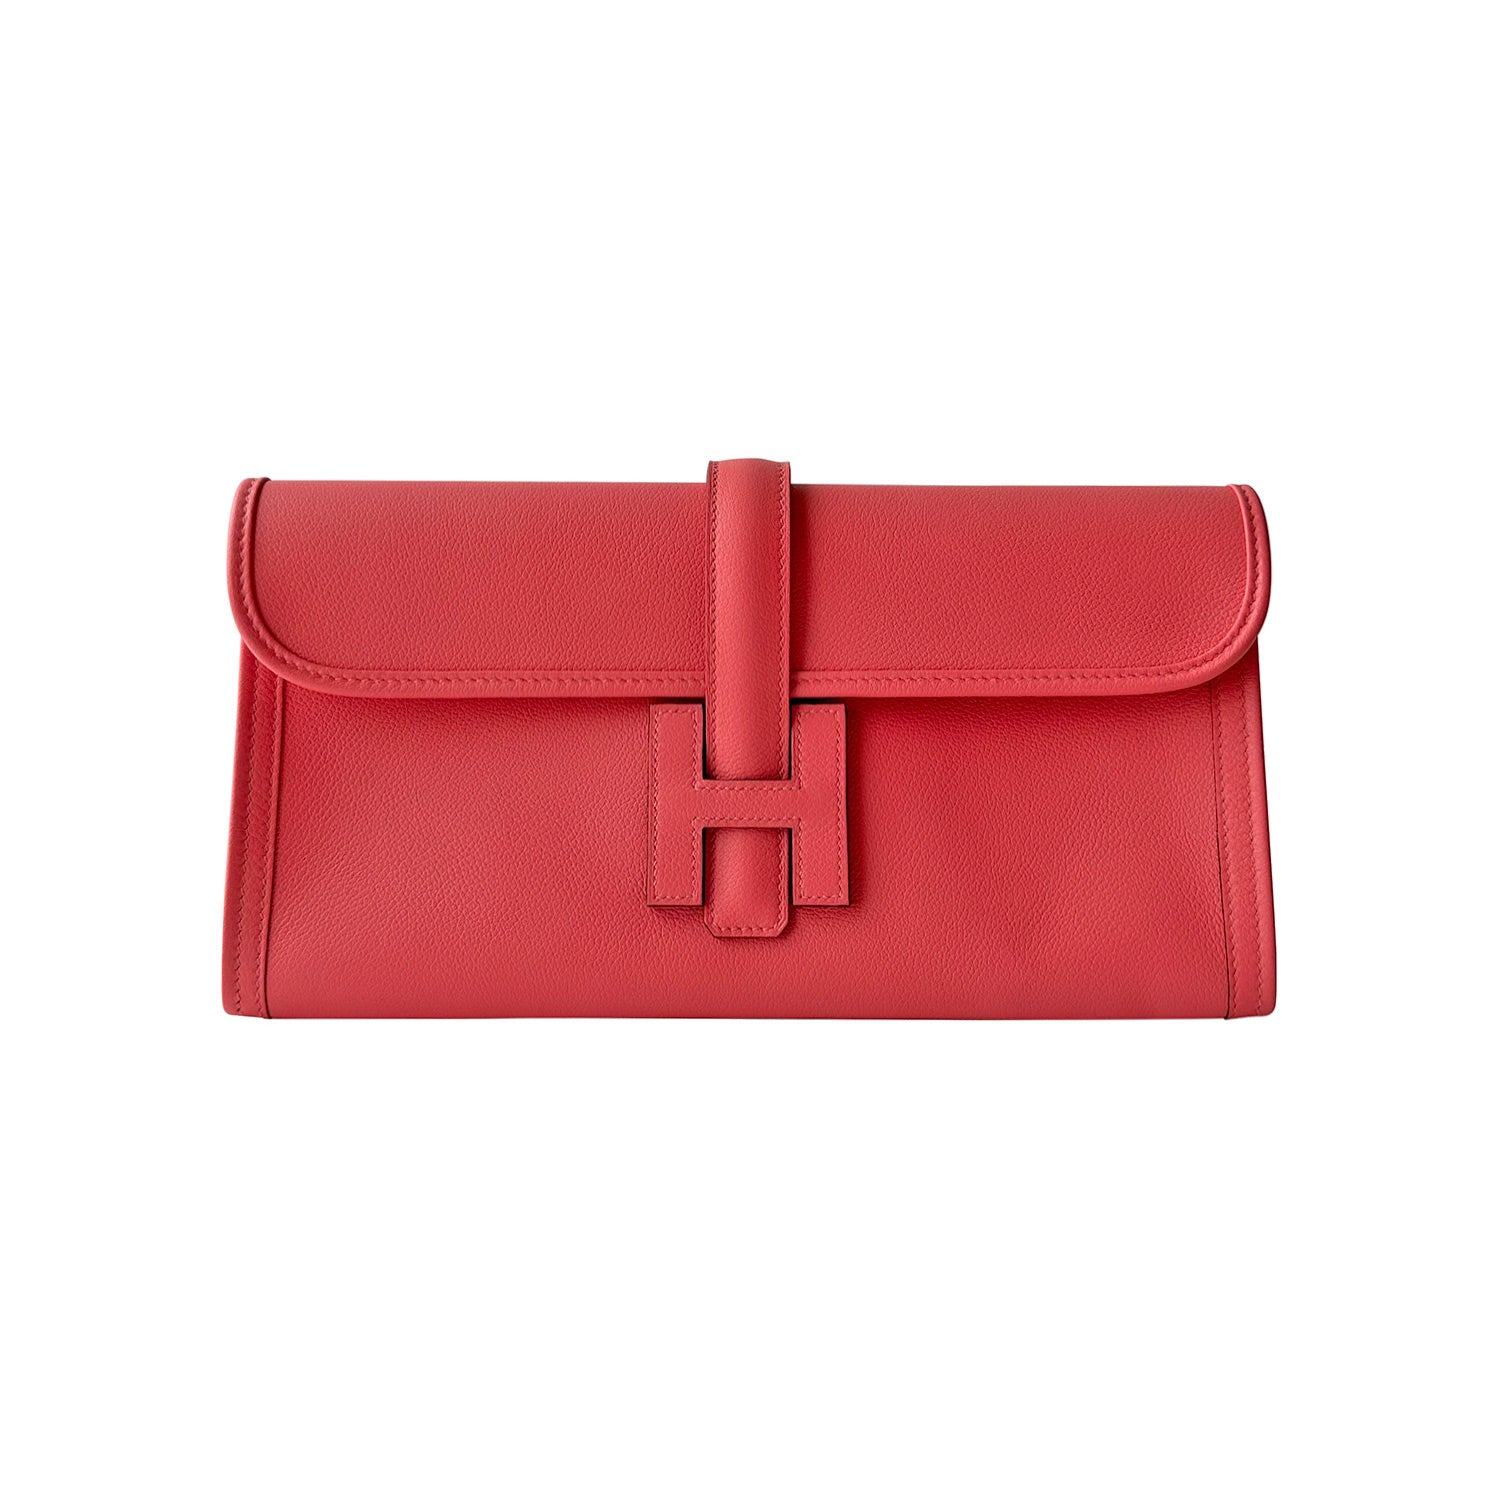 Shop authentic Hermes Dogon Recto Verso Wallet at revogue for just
==
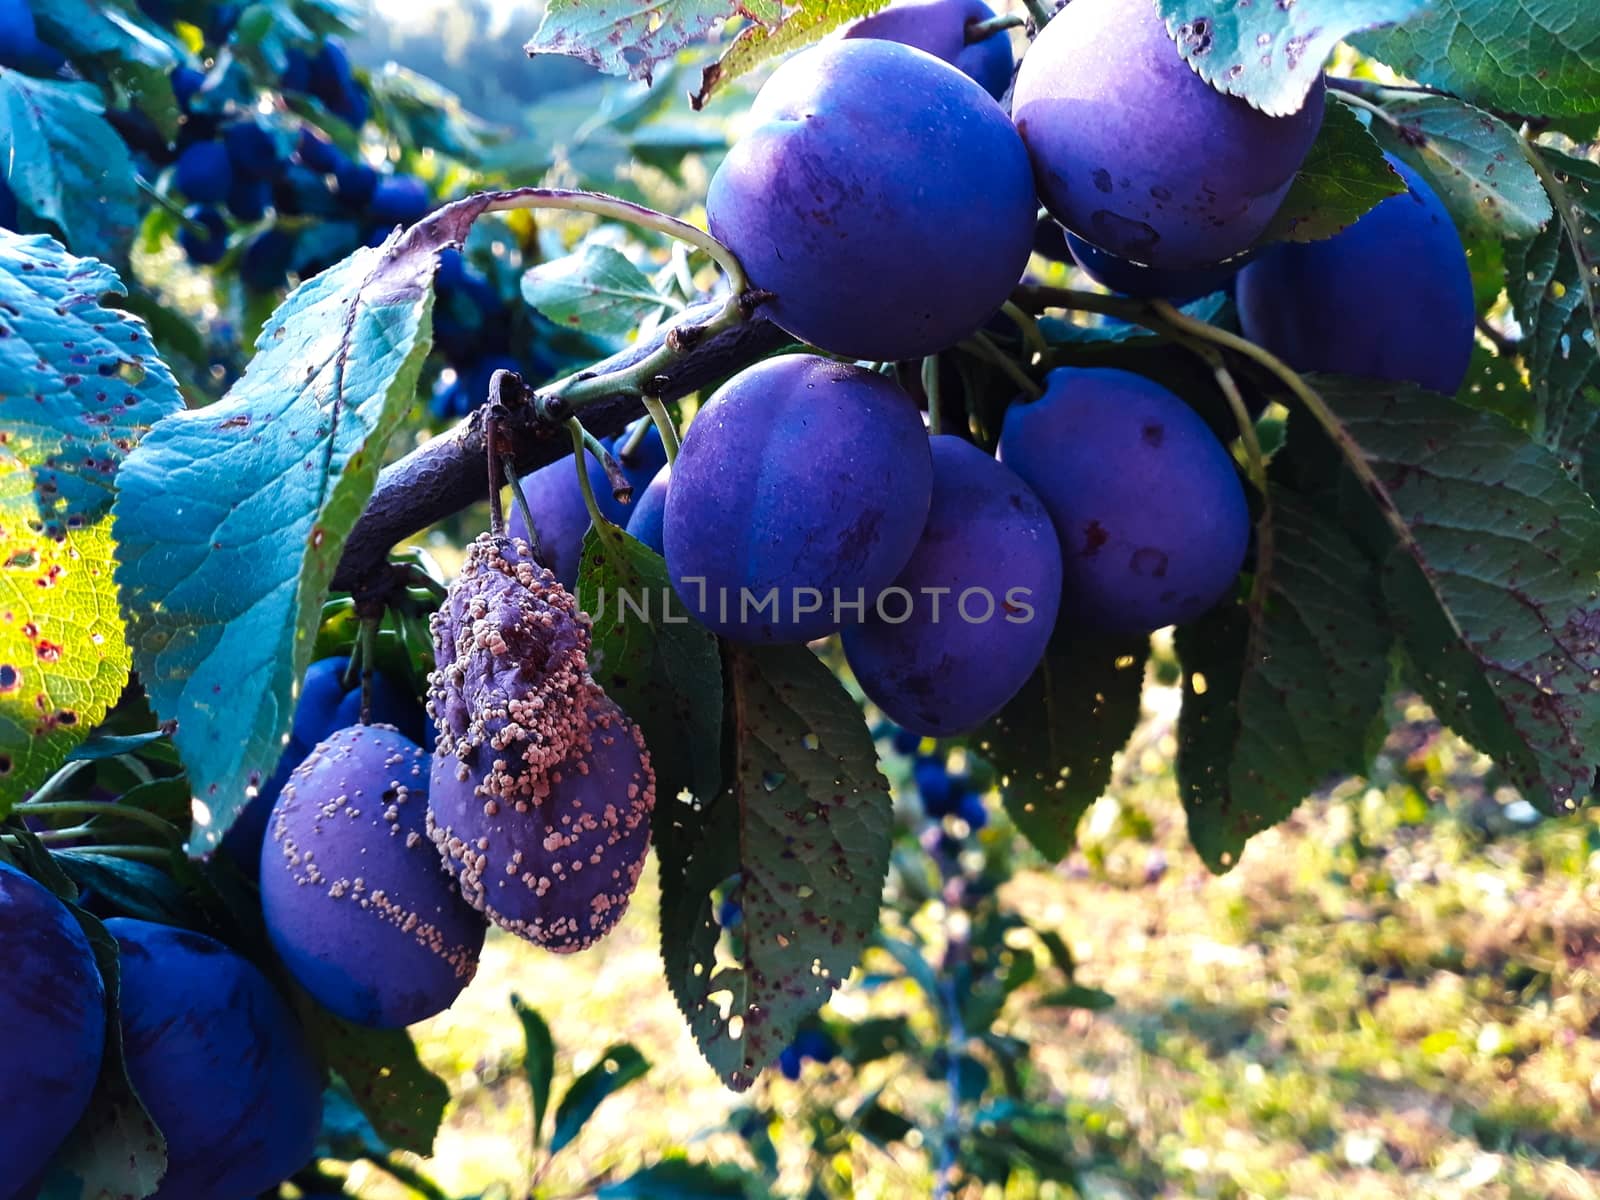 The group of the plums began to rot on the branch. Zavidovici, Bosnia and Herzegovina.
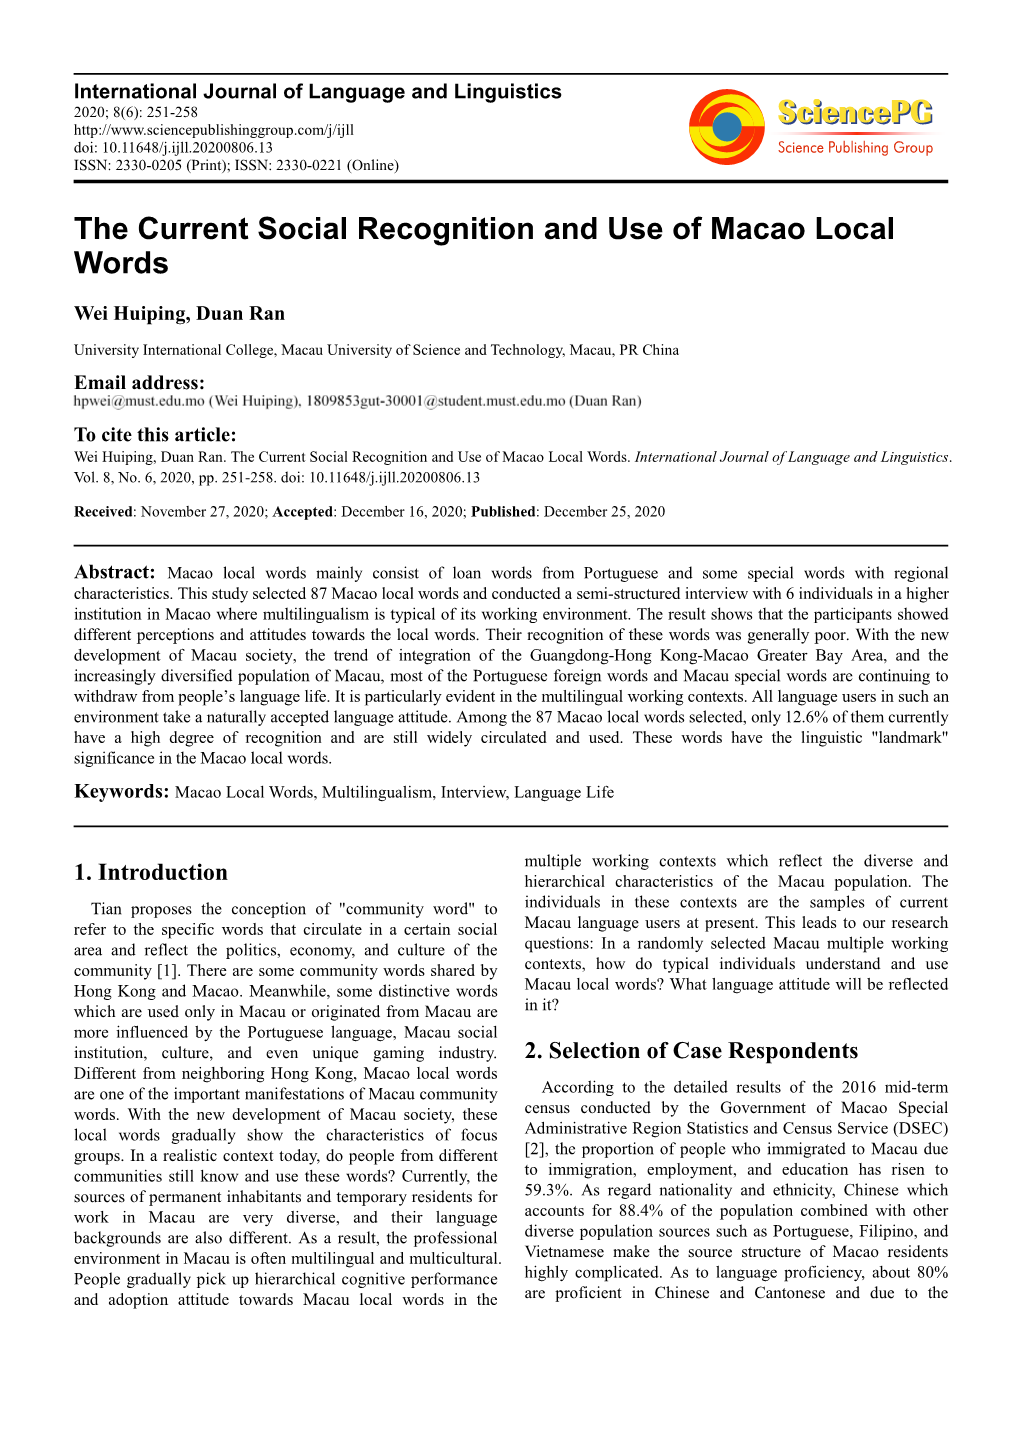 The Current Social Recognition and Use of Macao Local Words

- _Assigned task_
An exact copy is needed. It runs from the line above containing "The group of" down to the line containing "The Current Social", both included, with no pictures.

- _Solution_
 The group of the plums began to rot on the branch. Zavidovici, Bosnia and Herzegovina.
 The Current Social Recognition and Use of Macao Local Words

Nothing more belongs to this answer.